Selektive Interne Radio-Therapie (SIRT)

SIRT steht für "Selektive Interne Radiotherapie" (Synonym: Radioembolisation der Leber) und ist eine neuere, minimal-invasive Behandlungsform von bösartigen Leberumoren für Patienten, bei denen eine Operation nicht in Frage kommt oder/und sich eine Chemotherapie als unwirksam erwiesen hat. Die SIRT wird gemeinsam von Nuklearmedizinern und Radiologen unter angiographischer Kontrolle durchgeführt.

Wie wirkt die SIRT?

SIRT3Die SIRT beruht auf dem Einbringen kleiner radioaktiver Kügelchen ("Mikrosphären", Produktname: SIR-Spheres® mit einem Durchmesser von c. 35 µm) in das Tumorgewebe der Leber. Dazu wird nach örtlicher Betäubung die Schlagader im Leistenbereich punktiert und ein flexibles Gummiventil - eine sogenannte "Katheterschleuse" in das Gefäß eingelegt. Hierüber wird ein Katheter in die Leberarterie (Leberschlagader) gelegt und von dort aus werden die Mikrosphären appliziert. Das in den Kügelchen enthaltene radioaktive Element Yttrium-90 strahlt über mehrere Tage hinweg (physikalische Halbwertszeit ca. 64 Stunden) über eine kurze Entfernung von maximal 11 Millimeter Reichweite mit hoher lokaler Wirkung ("Beta-Strahlung"). Dadurch kann die Gefahr einer Schädigung umliegender, gesunder Organstrukturen reduziert werden.

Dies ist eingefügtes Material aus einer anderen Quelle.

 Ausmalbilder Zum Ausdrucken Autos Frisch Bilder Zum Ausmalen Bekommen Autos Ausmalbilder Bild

Bild: Spect/lowdose CT mit der Darstellung einer tumororientierten Einlagerung der 90Yttrium-markierten SIR-Spheren® im rechten Leberlappen bei einem Patienten mit Lebermetastasen bei Dickdarmkrebs. 

Wann kann die SIRT durchgeführt werden?

Indikationen für eine SIRT sind primäre (z. B. Hepatozelluläres Karzinom (HCC), Cholangiozelluläres Karzinom (CCC)) und sekundäre (z. B. Metastasen eines Kolorektalen Karzioms, eines Mammakarzinoms, eines Melanoms, Karzinoide) Tumore der Leber. Im Vorfeld ist sicherzustellen, dass andere lokale und systemische Therapieverfahren nicht (mehr) möglich sind, oder keinen ausreichenden Behandlungserfolg bieten. Hierzu gehören z.B. Operation, thermische Ablation, Brachytherapie oder lokale bzw. systemische Chemotherapien.

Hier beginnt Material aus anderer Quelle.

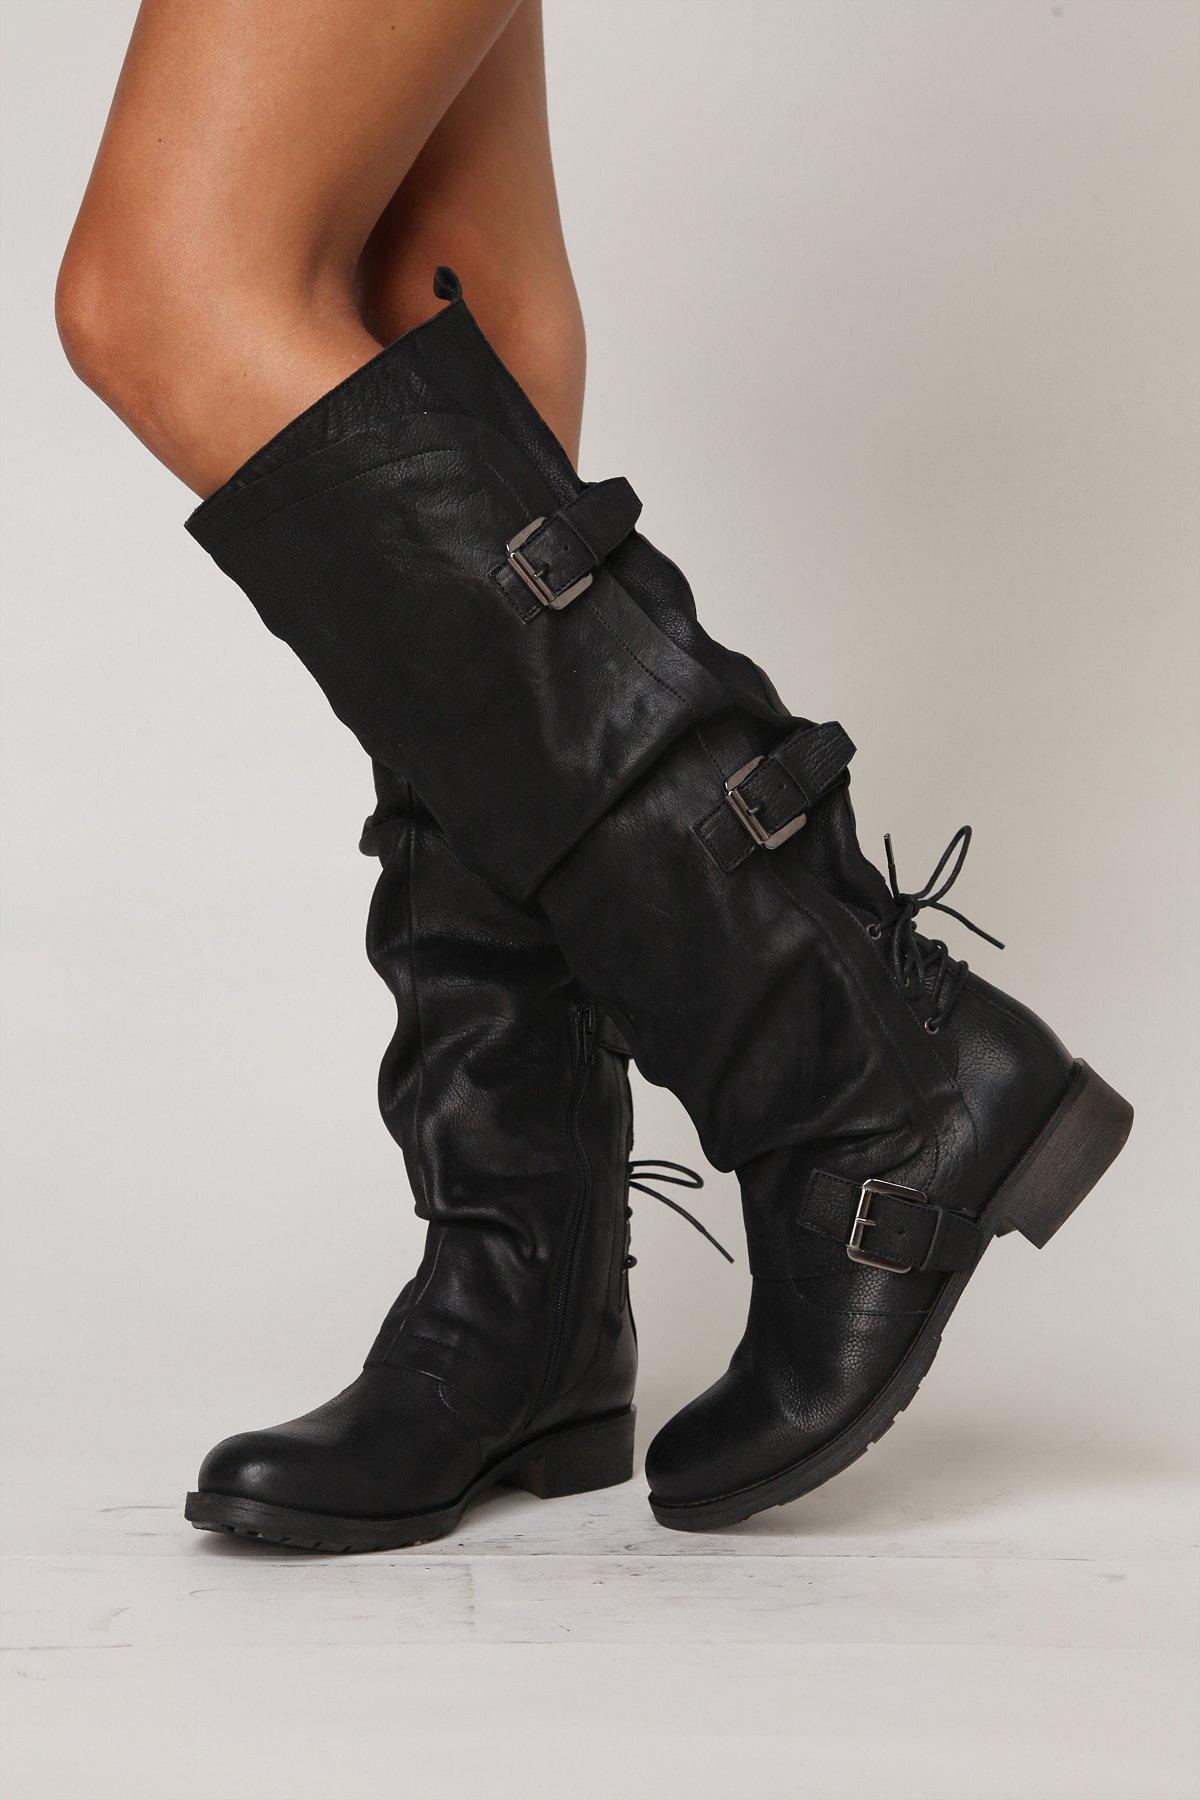 Marl Buckle Tall Boot

Zusätzlich müssen unter anderem folgende Kriterien erfüllt sein:

  • Andere Therapieoptionen weitgehend ausgeschöpft
  • in der Vorbereitungs-Angiographie kein Nachweis eines Refluxes einer Anreicherung in andere Organbereiche
  • Shuntvolumen zwischen Leber und Lunge < 20%
  • erhaltene Leberfunktion
  • Führende Tumorlast in der Leber
Welche weiteren Voruntersuchungen sind nötig?

Dem Eingriff selbst geht zunächst eine Prüfung der Indikation auf Basis aller vorliegenden Bild- und Therapieverläufe voraus. Dies erfolgt nach intersiziplinärer Absprache mit behandelnden Onkologen, Chirurgen und Strahlentherapeuten meist im Rahmen eines interdisziplinären Tumorboards.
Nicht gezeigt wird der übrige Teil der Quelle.